• _Problem description_: The range runs from the line containing "Mevra - Uzun Astarlı Ceket Siyah" through the last line of the material below; retype it exactly, leaving out the pictures.

• _Data below_:
________________________

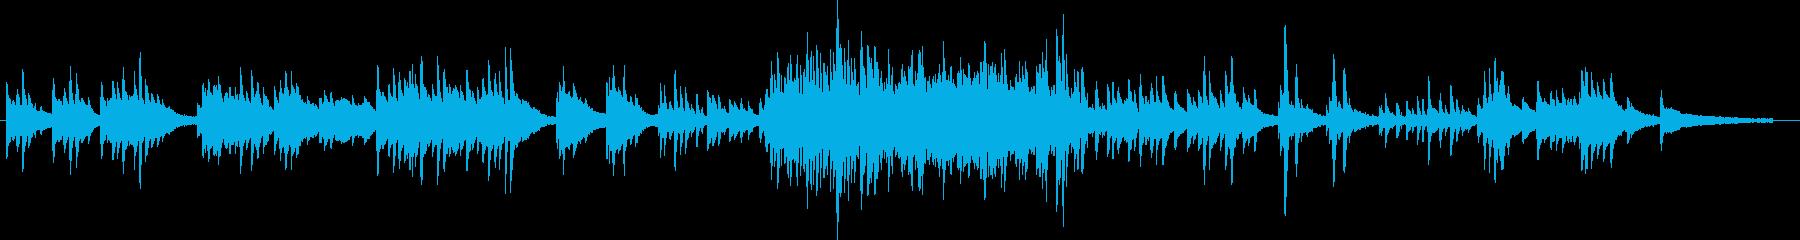 エンディング用しっとりピアノソロバラードの再生済みの波形
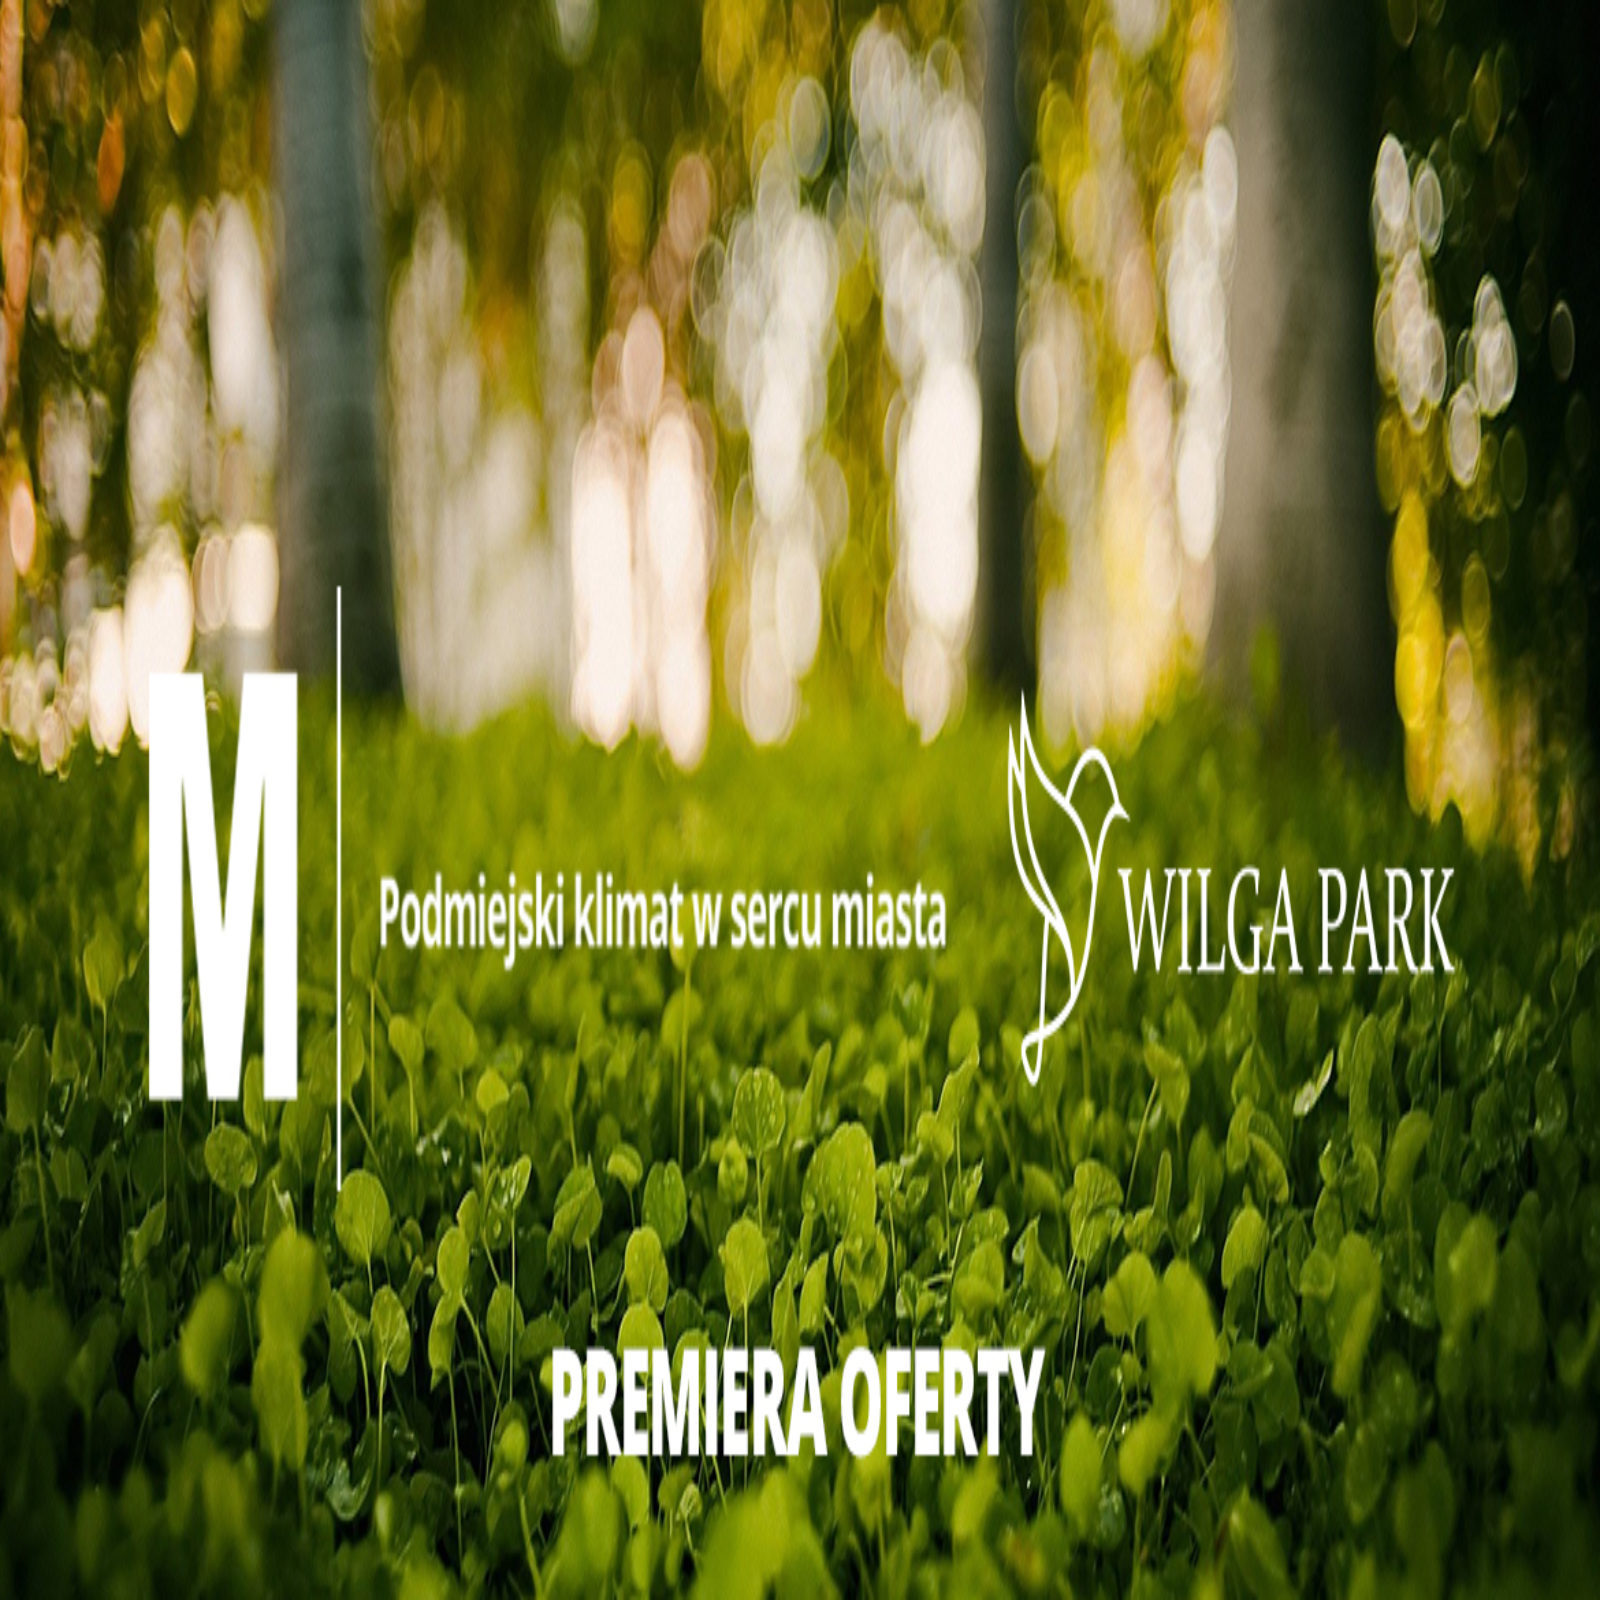 Wilga Park mieszkanie Gdańsk nieruchomości Gdańsk
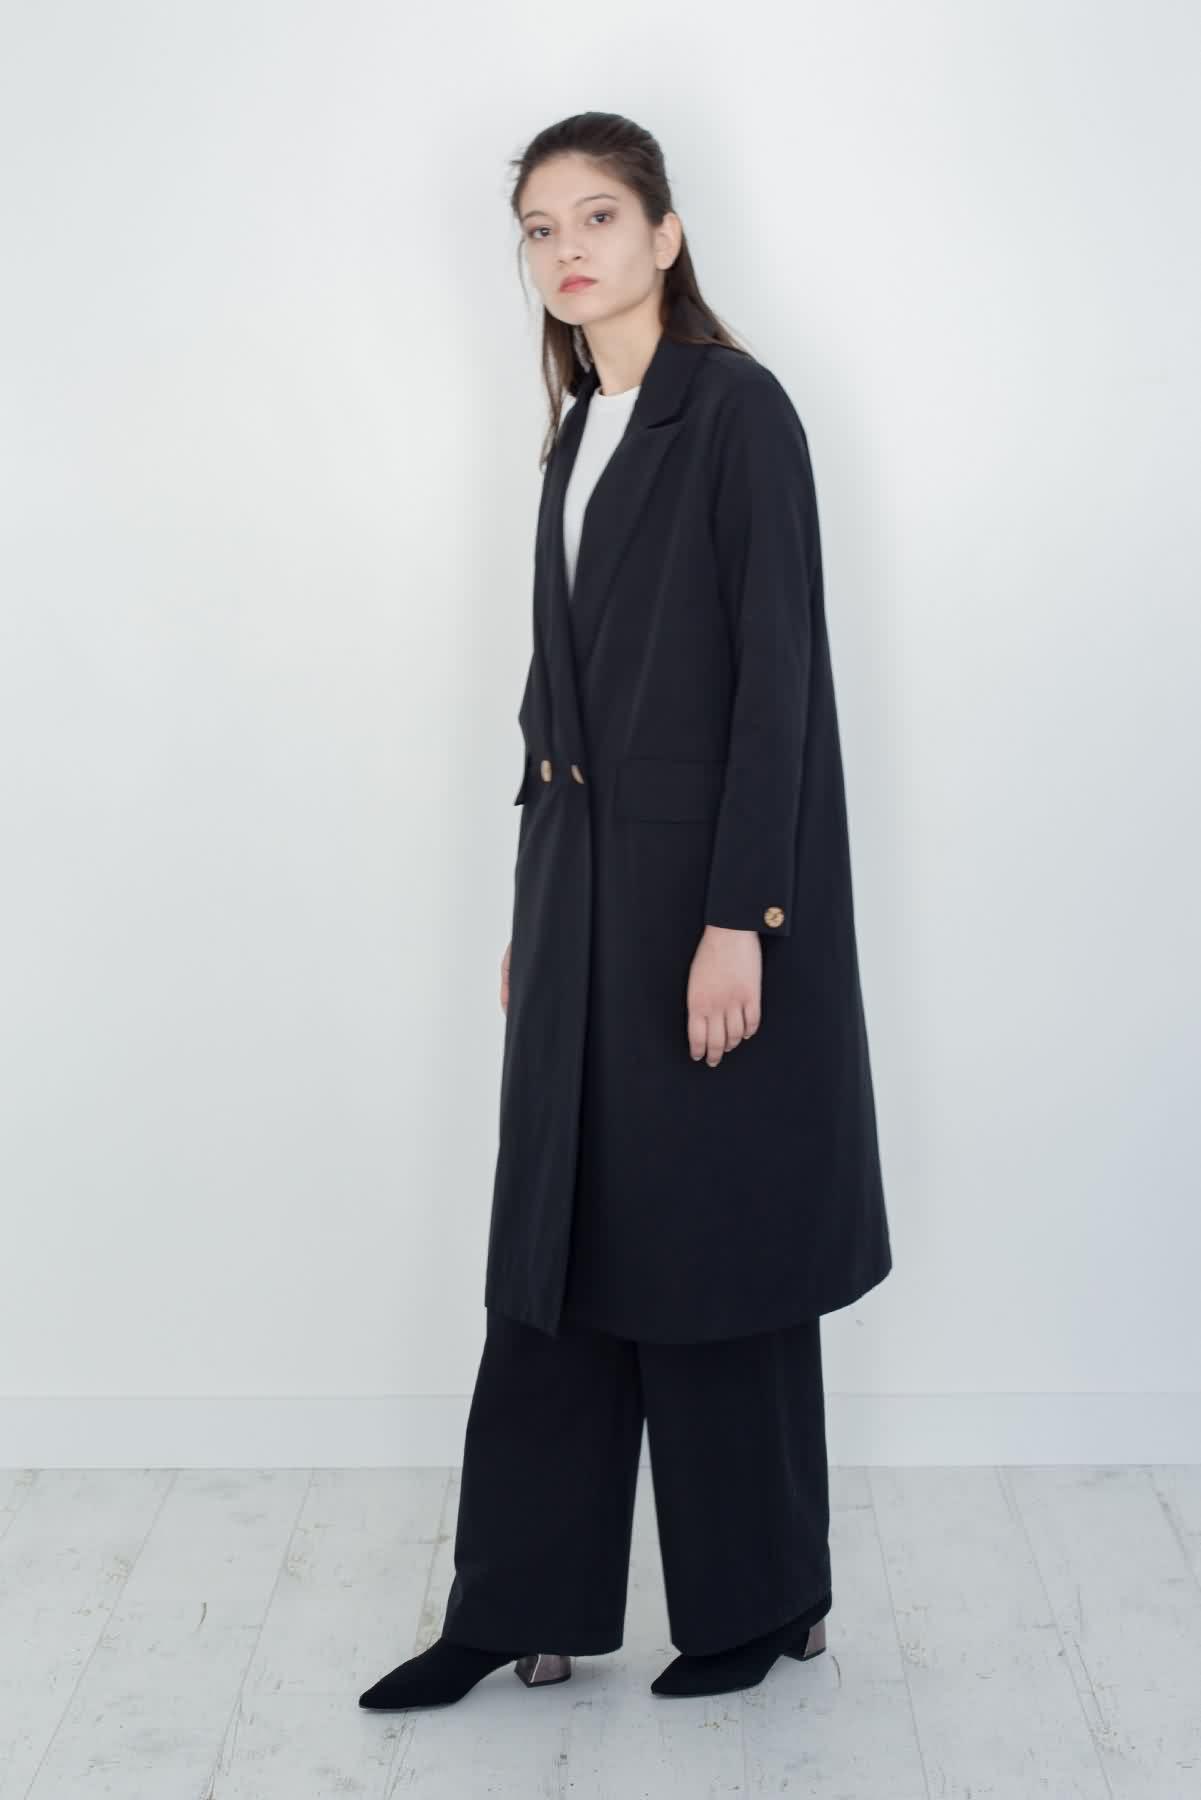 Mevra - Uzun Astarlı Ceket Siyah
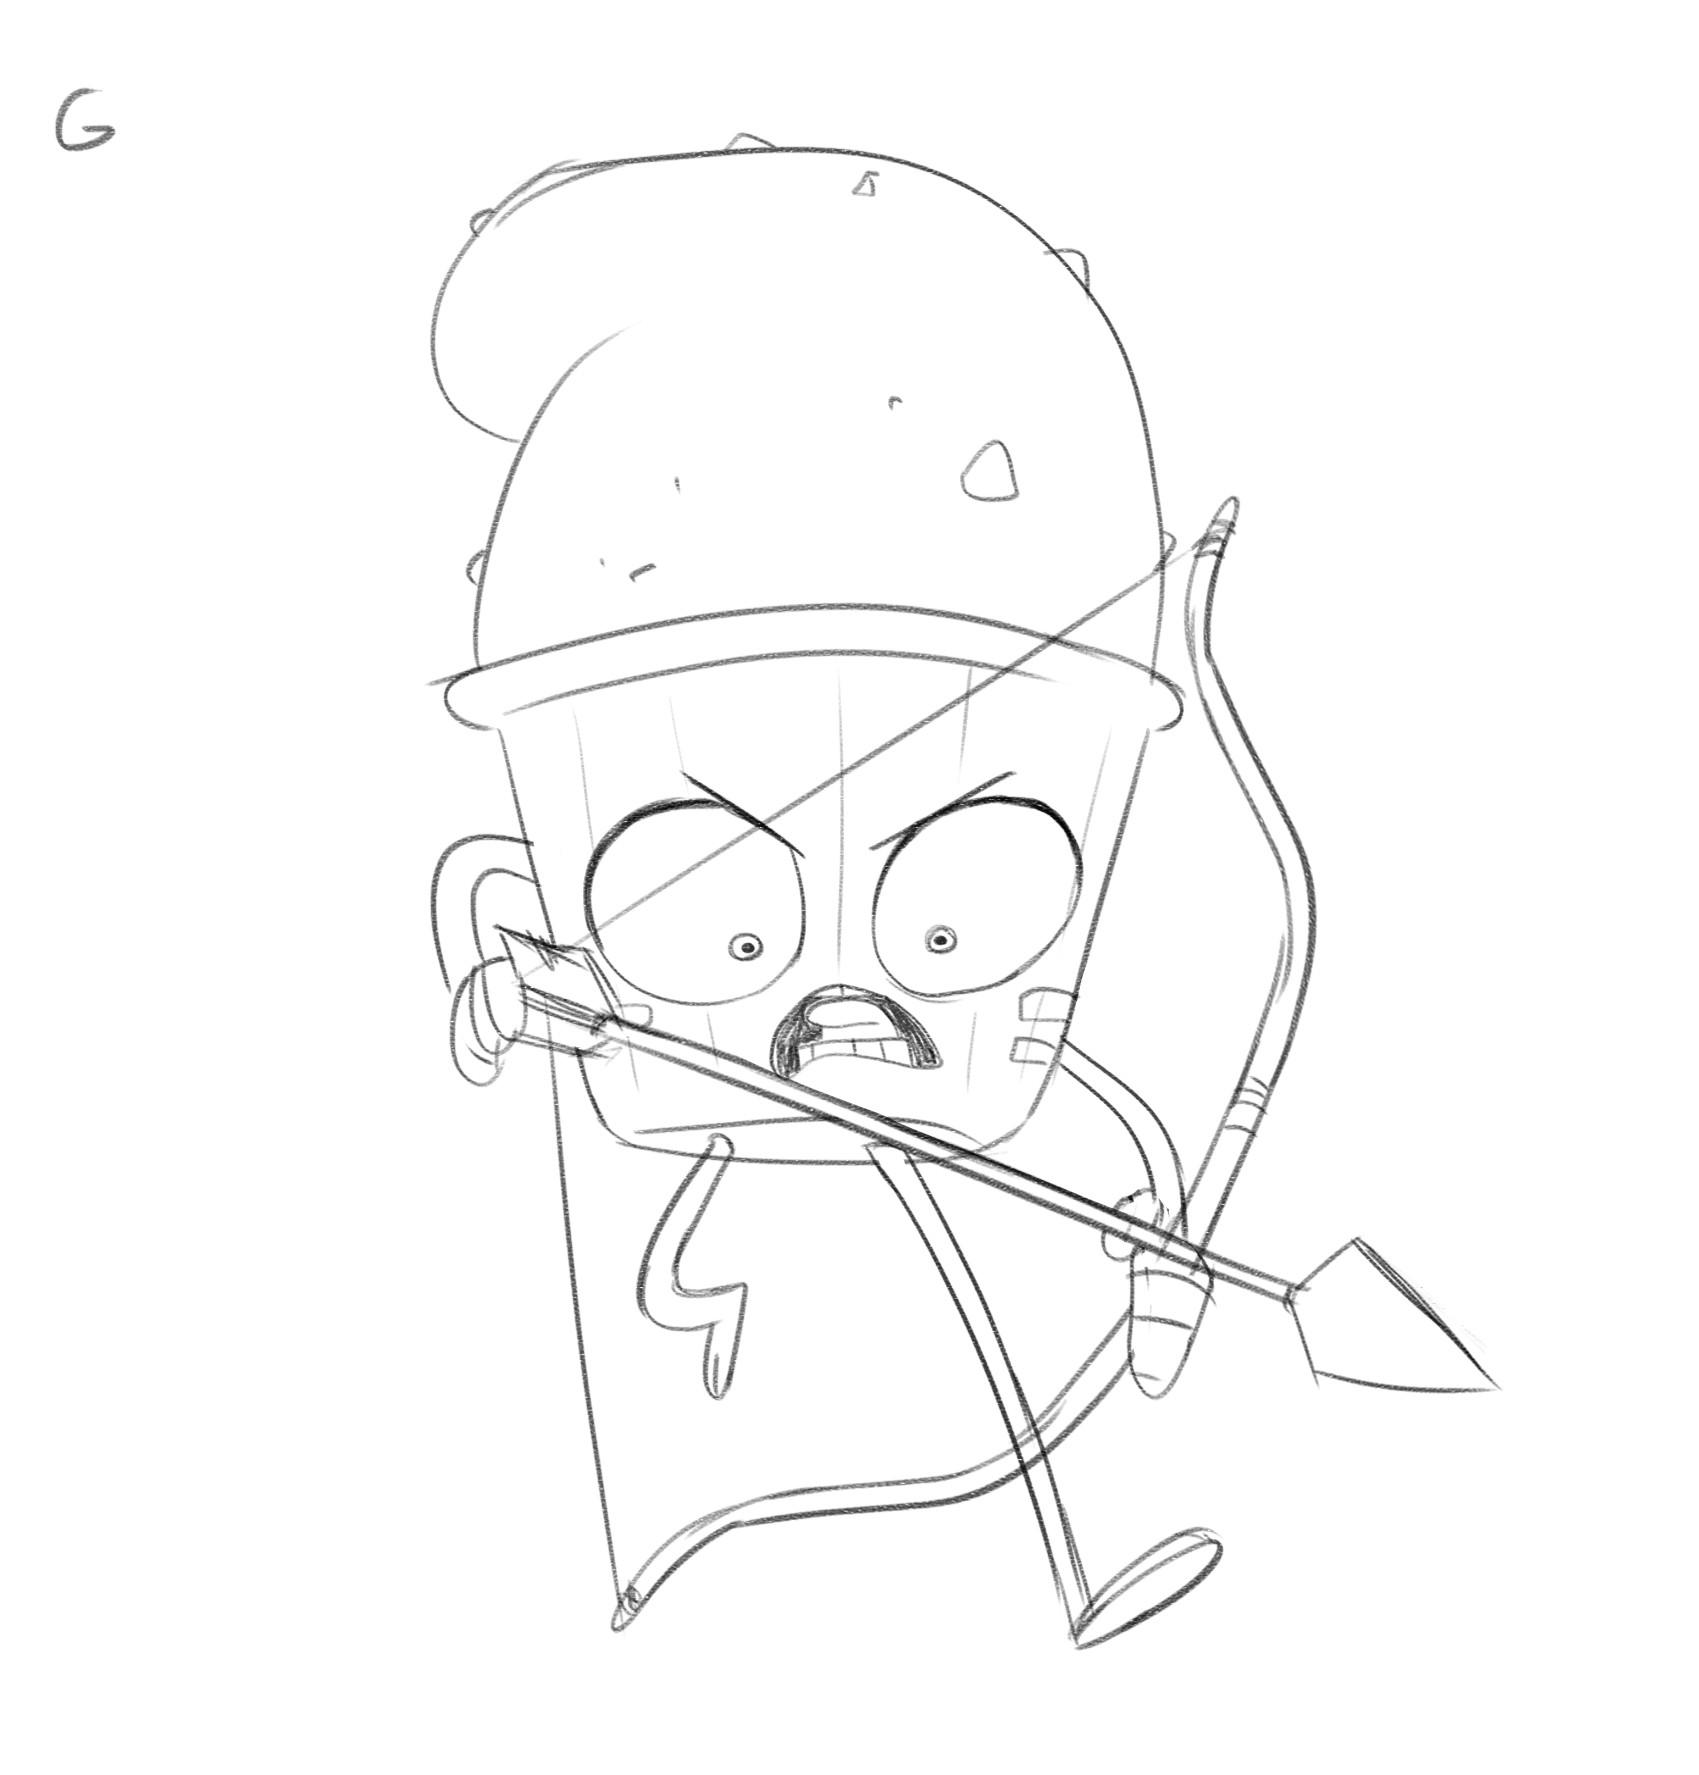 Rayner alencar g guacamole soldier archer

________________________

• _Exercise solution_:
 Mevra - Uzun Astarlı Ceket Siyah
 Rayner alencar g guacamole soldier archer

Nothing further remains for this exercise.